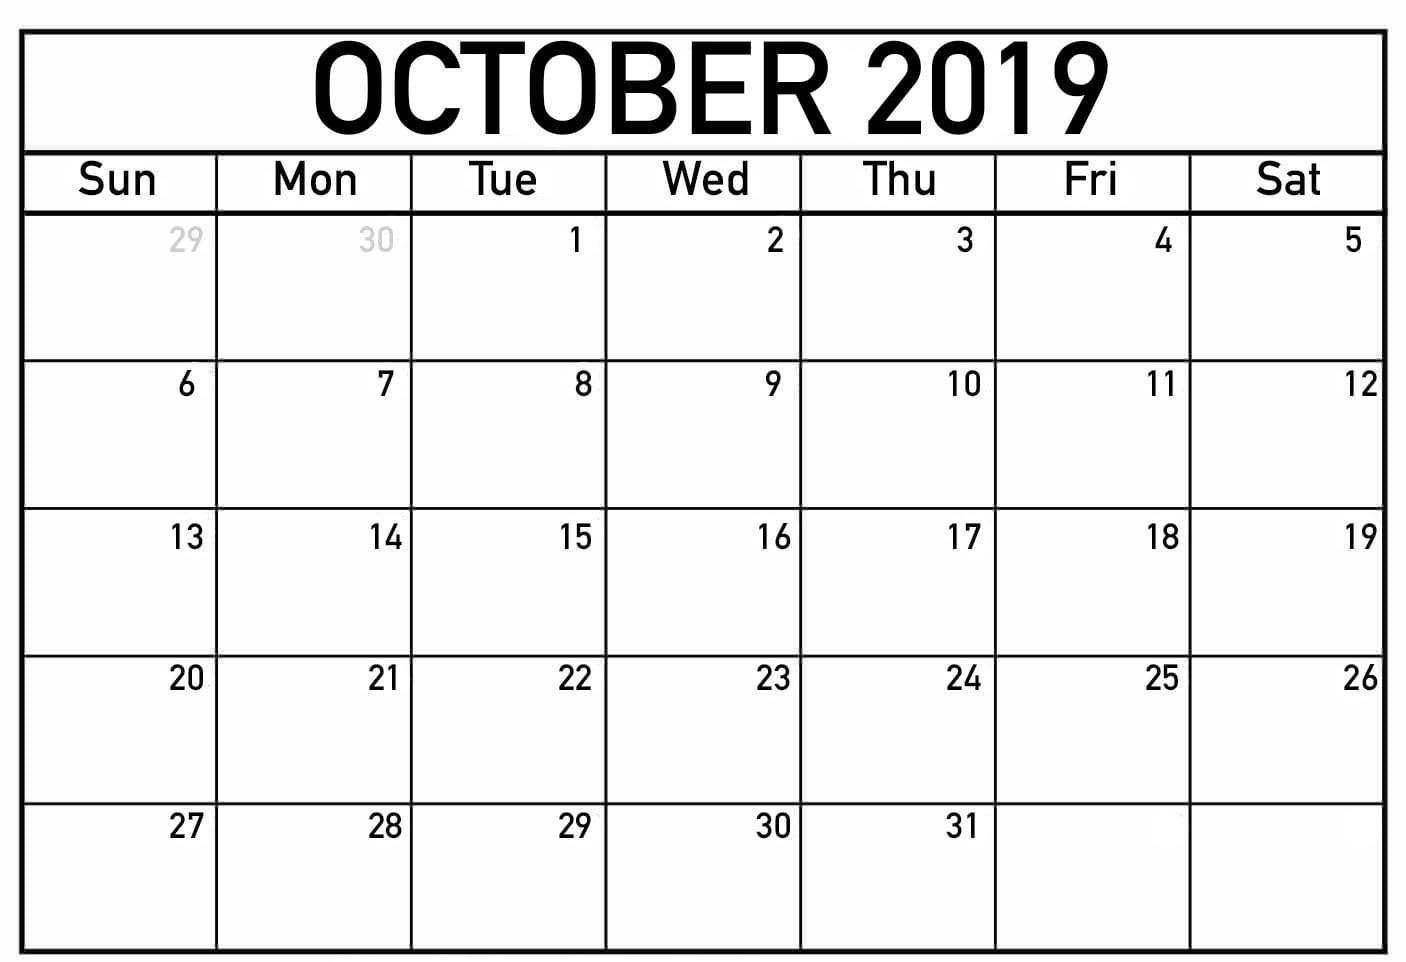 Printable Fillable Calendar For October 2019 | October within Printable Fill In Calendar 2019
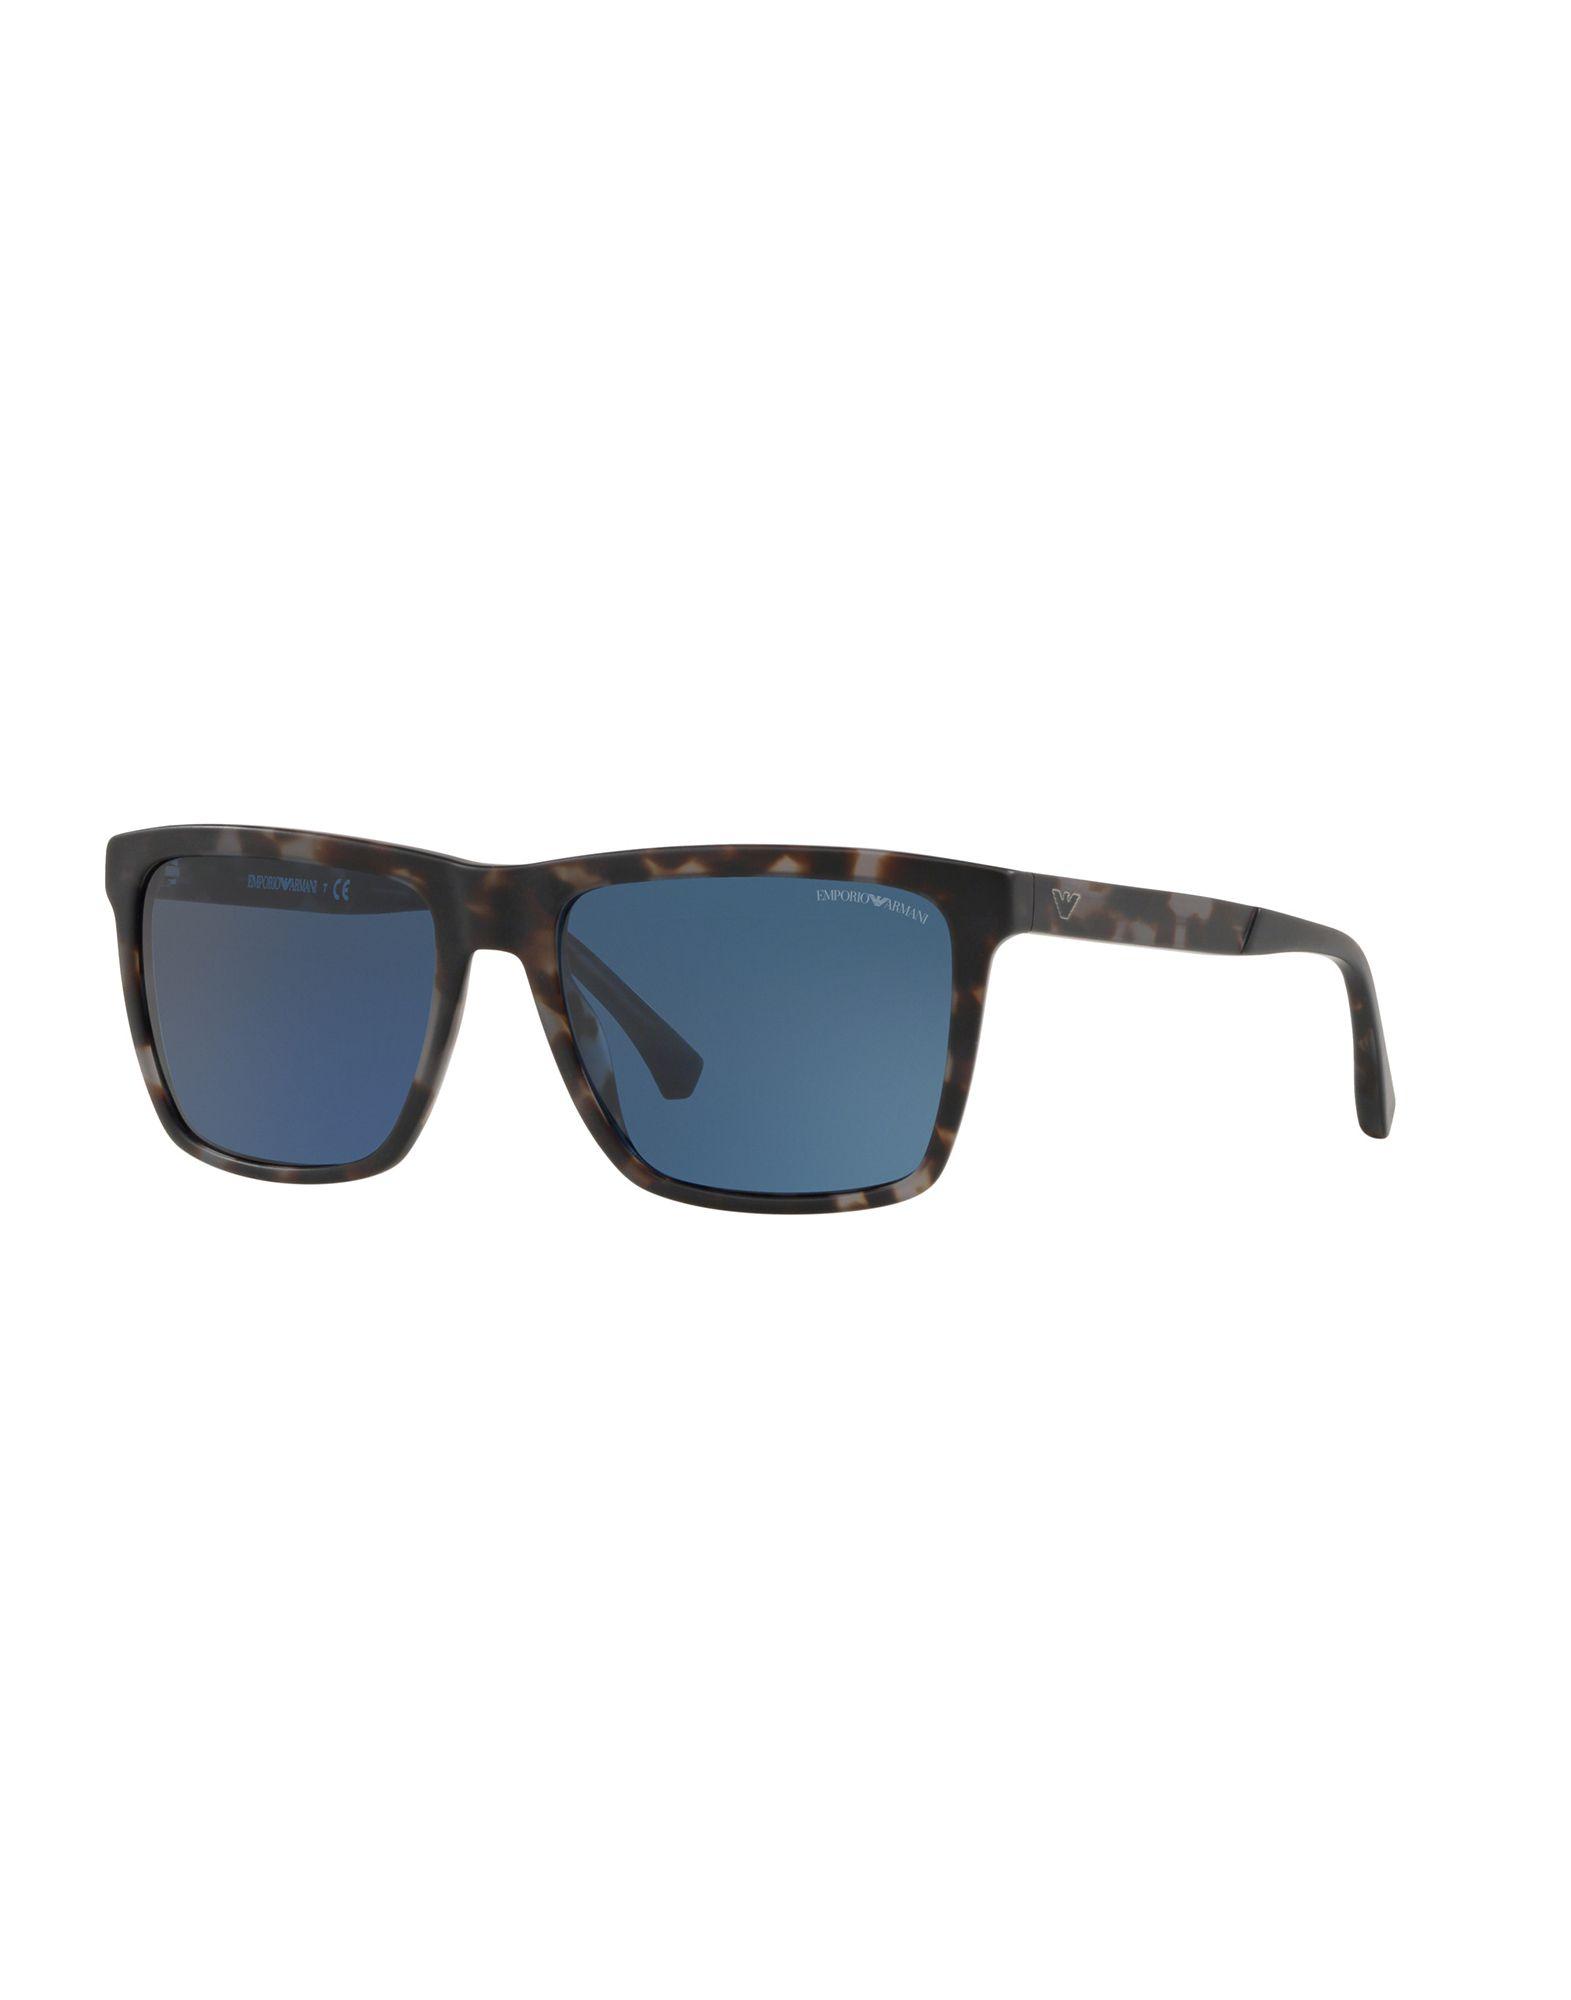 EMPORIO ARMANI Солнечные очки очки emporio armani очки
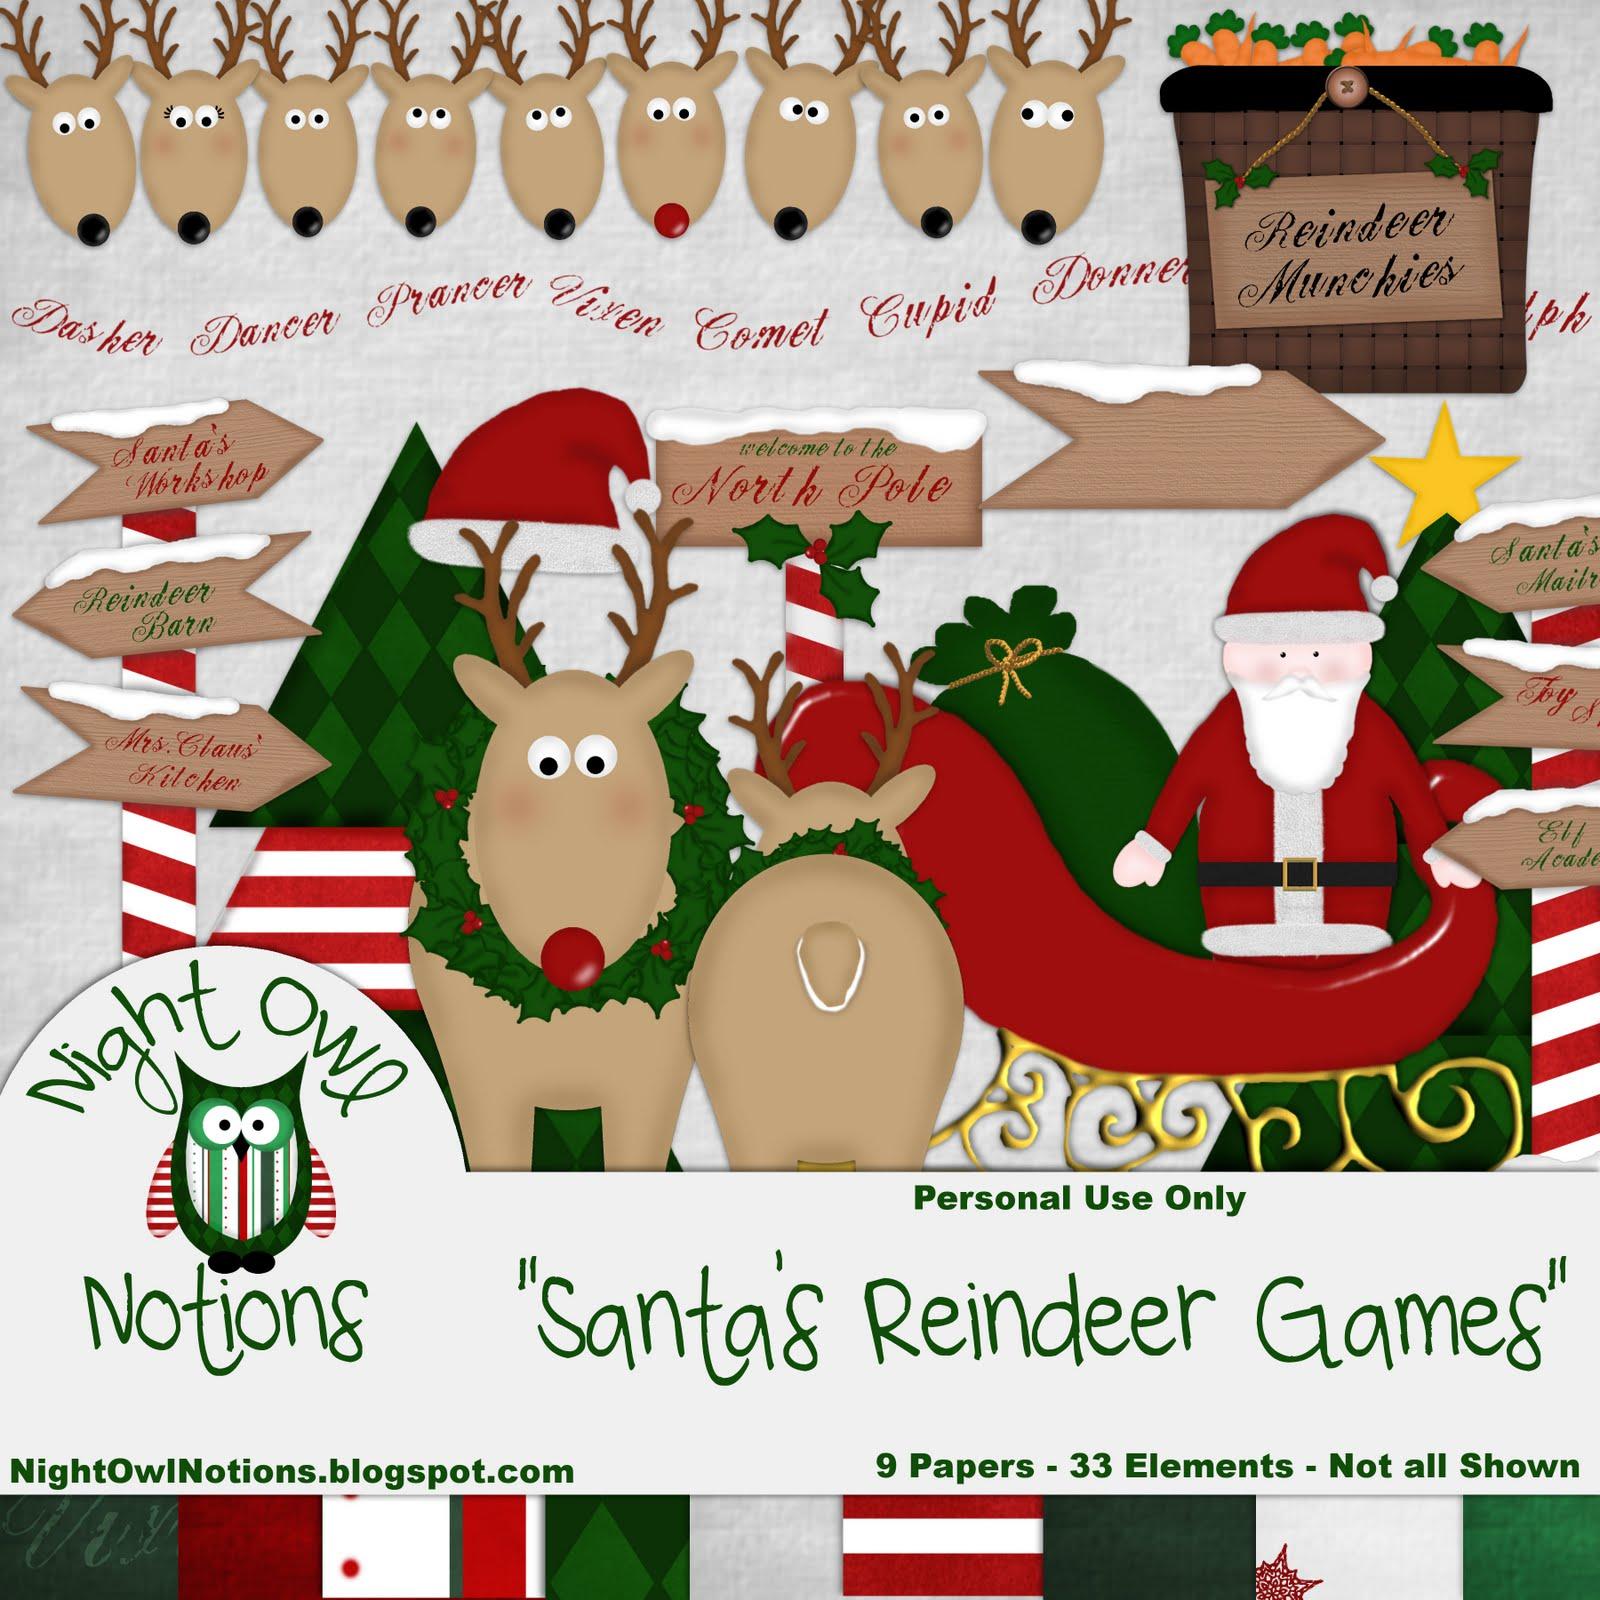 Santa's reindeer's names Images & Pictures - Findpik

(YOUR GOAL): A verbatim copy of the material, pictures excluded, is what must be produced.

(ANSWER SECTION):
 Printable Fillable Calendar For October 2019 | October within Printable Fill In Calendar 2019
 EMPORIO ARMANI Солнечные очки очки emporio armani очки
 Santa's reindeer's names Images & Pictures - Findpik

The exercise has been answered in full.